News | April 6, 2017

Environmental Groups Call On Sky Chefs At LAX To Follow Pollution Rules, Says UNITE HERE


As President Trump rolls back environmental regulations, Los Angeles International Airport workers, members of the surrounding community, and California statewide environmental justice leaders are calling on LAX airline catering company LSG Sky Chefs to comply with existing airport air quality standards.

“More than a decade ago, LAWA adopted tough standards for contractors, lessees, permittees and others who do business at Los Angeles International Airport. LAWA committed to requiring those companies to transition to trucks, shuttles, passenger vans and buses that cause less air pollution,” wrote Joseph K. Lyou, Ph.D., President & CEO of the Coalition for Clean Air, in a letter to LAWA signed by 14 environmental, public health and community leaders. “Some of [Sky Chefs] vehicles are nearly two decades old and need replacement urgently, but the new vehicles Sky Chefs has acquired are not alternative fuel vehicles. This company isn’t even trying.”

Only two vehicles out of LSG Sky Chefs’ 16-vehicle fleet are clean energy vehicles, according to a July 2016 report, contributing to poor air quality in and around the airport. Existing LAX policies state that 100 percent of vehicles operated by any airport contractors must be alternative-fuel vehicles.

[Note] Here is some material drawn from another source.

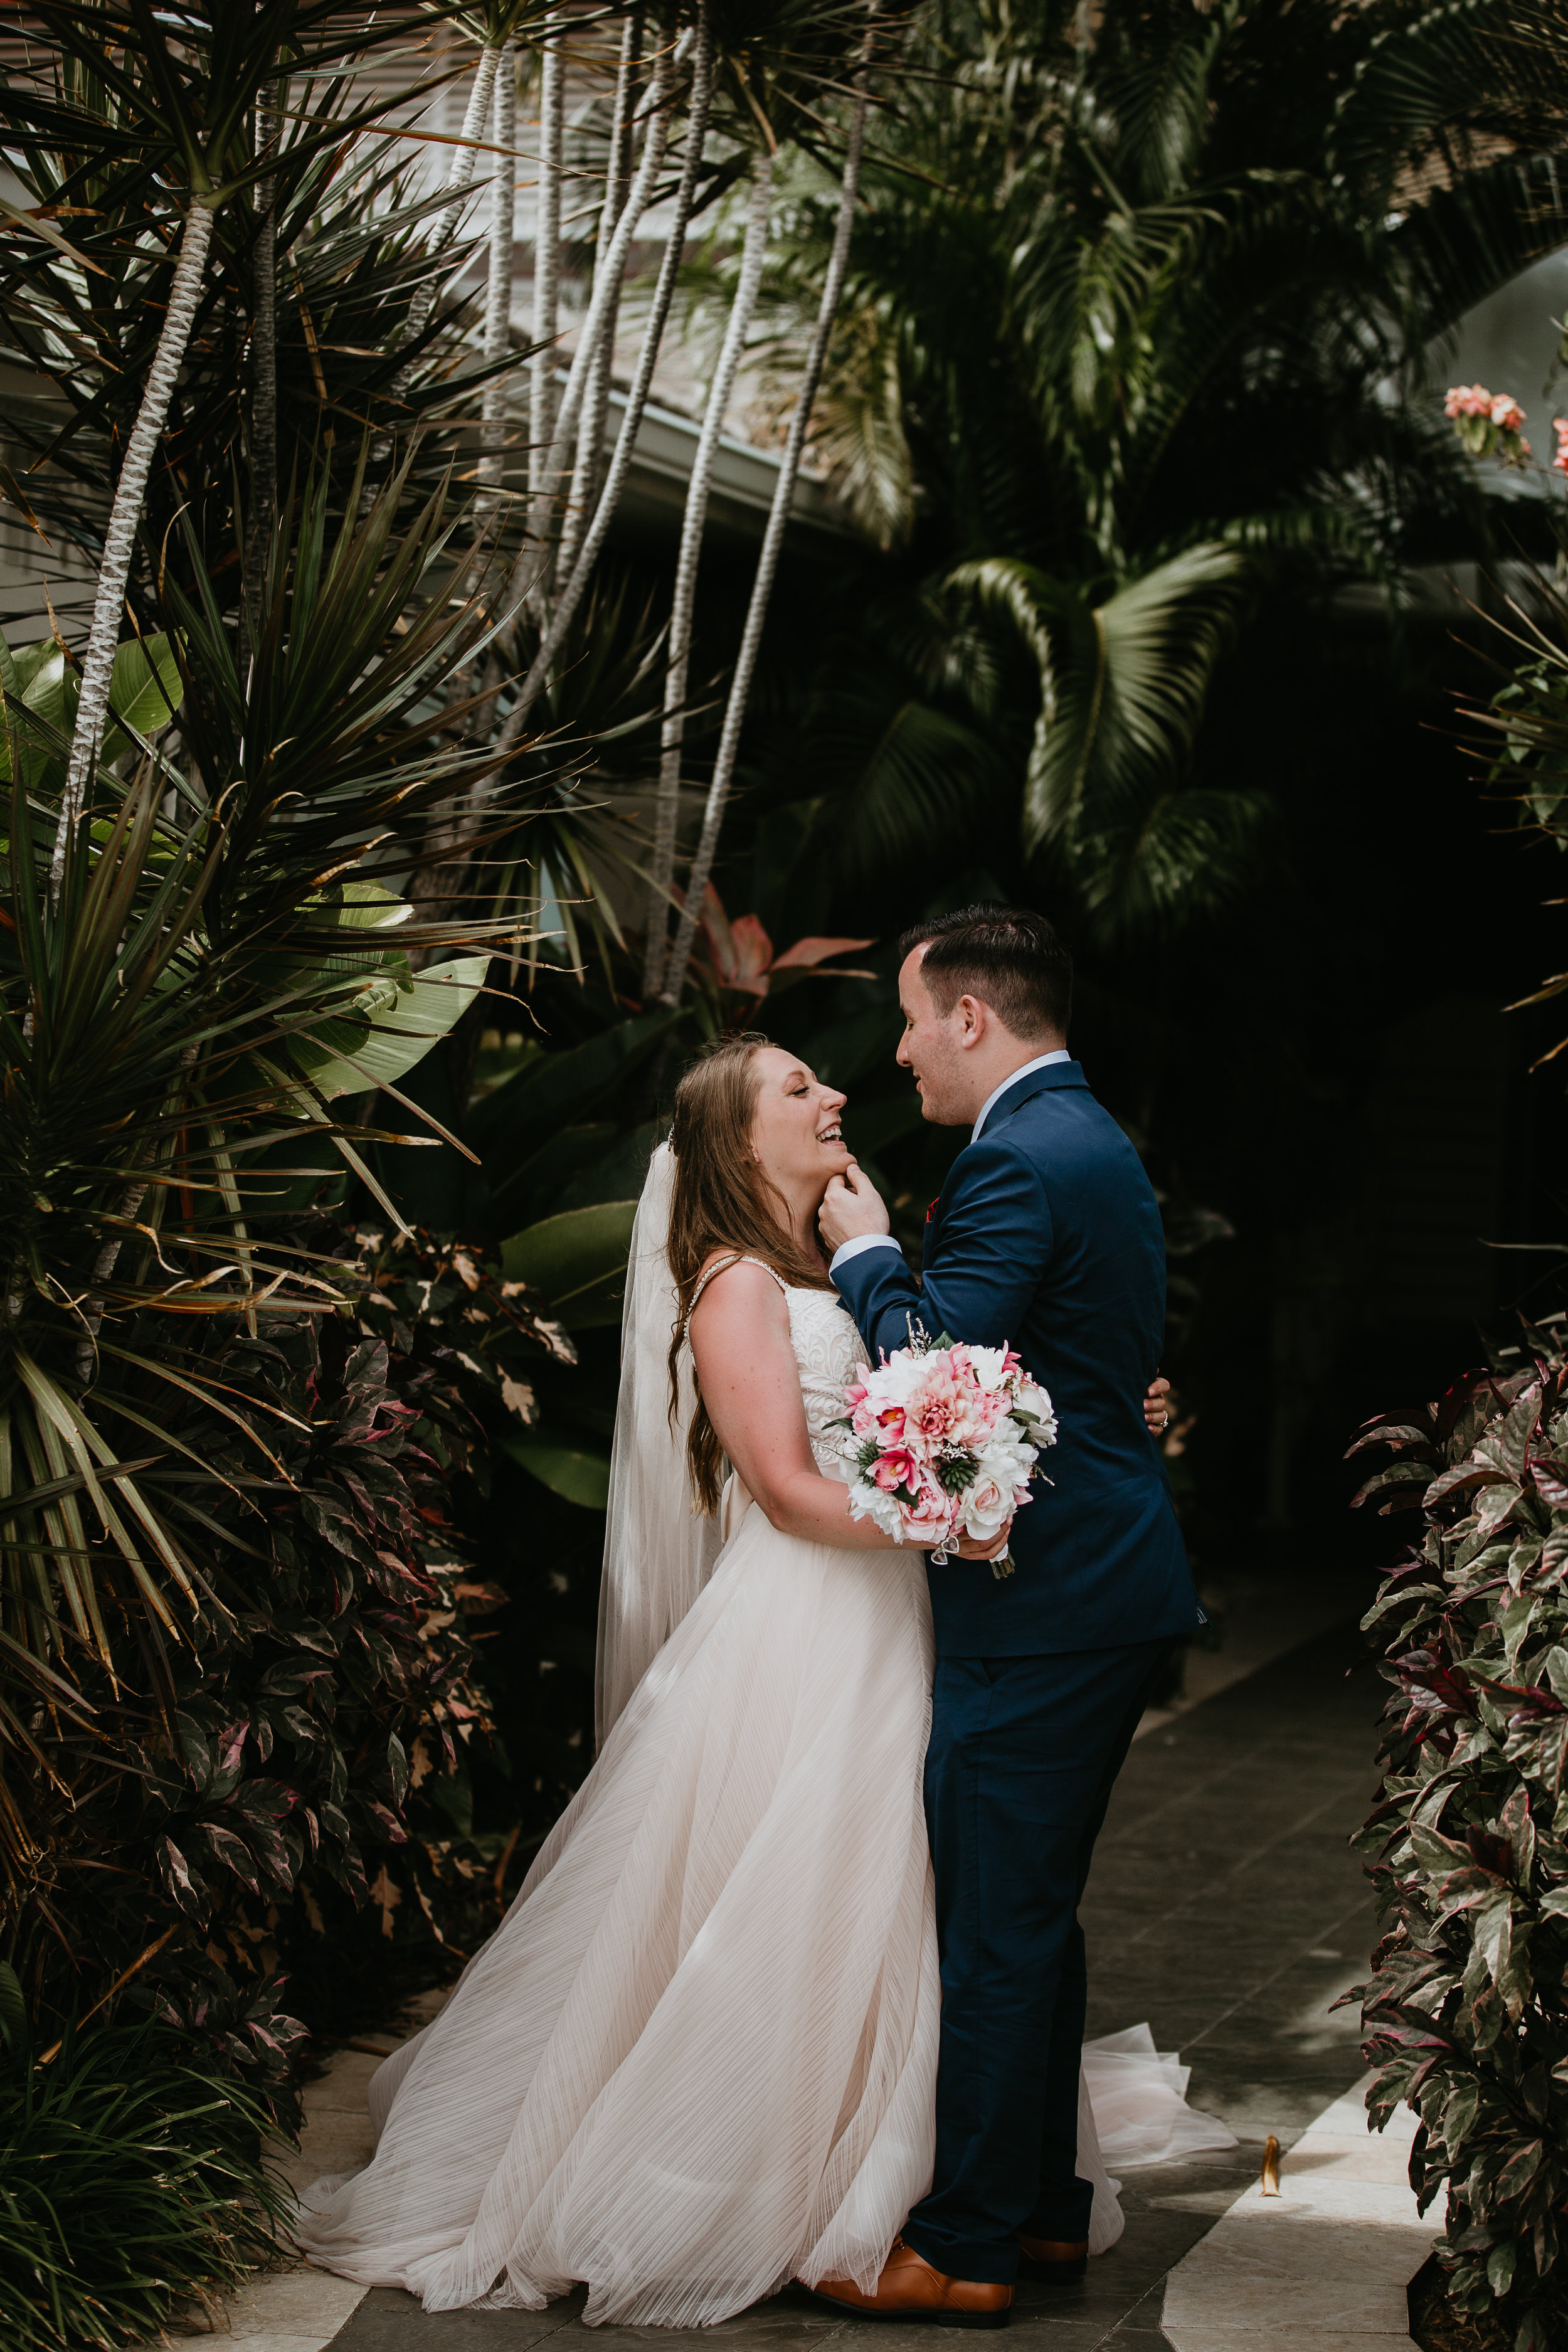 nicole-daacke-photography-destination-wedding-in-st-lucia-sandals-la-toc-intimate-island-wedding-carribean-elopement-photographer-chill-island-wedding-43.jpg

LAX is the largest source of carbon monoxide in California. According to a 2008 study, 42 percent of nitrogen oxides, 63 percent of volatile organic compounds, and 90 percent of particulates around the airport are the result of ground-access vehicle traffic. These air pollutants are strongly connected to increases in cases of asthma, respiratory disease, and heart disease.

Also at today’s Los Angeles World Airports (LAWA) Board meeting, LSG Sky Chefs employees from Seattle and Miami testified to the company’s disputes over enforcement of local wage laws. The City of Seattle found that Sky Chefs is violating the local minimum wage law and owes current and former workers more than $300,000, which the company appealed and has not paid. In Miami, Sky Chefs has been in a dispute over the applicability of the county’s living wage ordinance since 2006.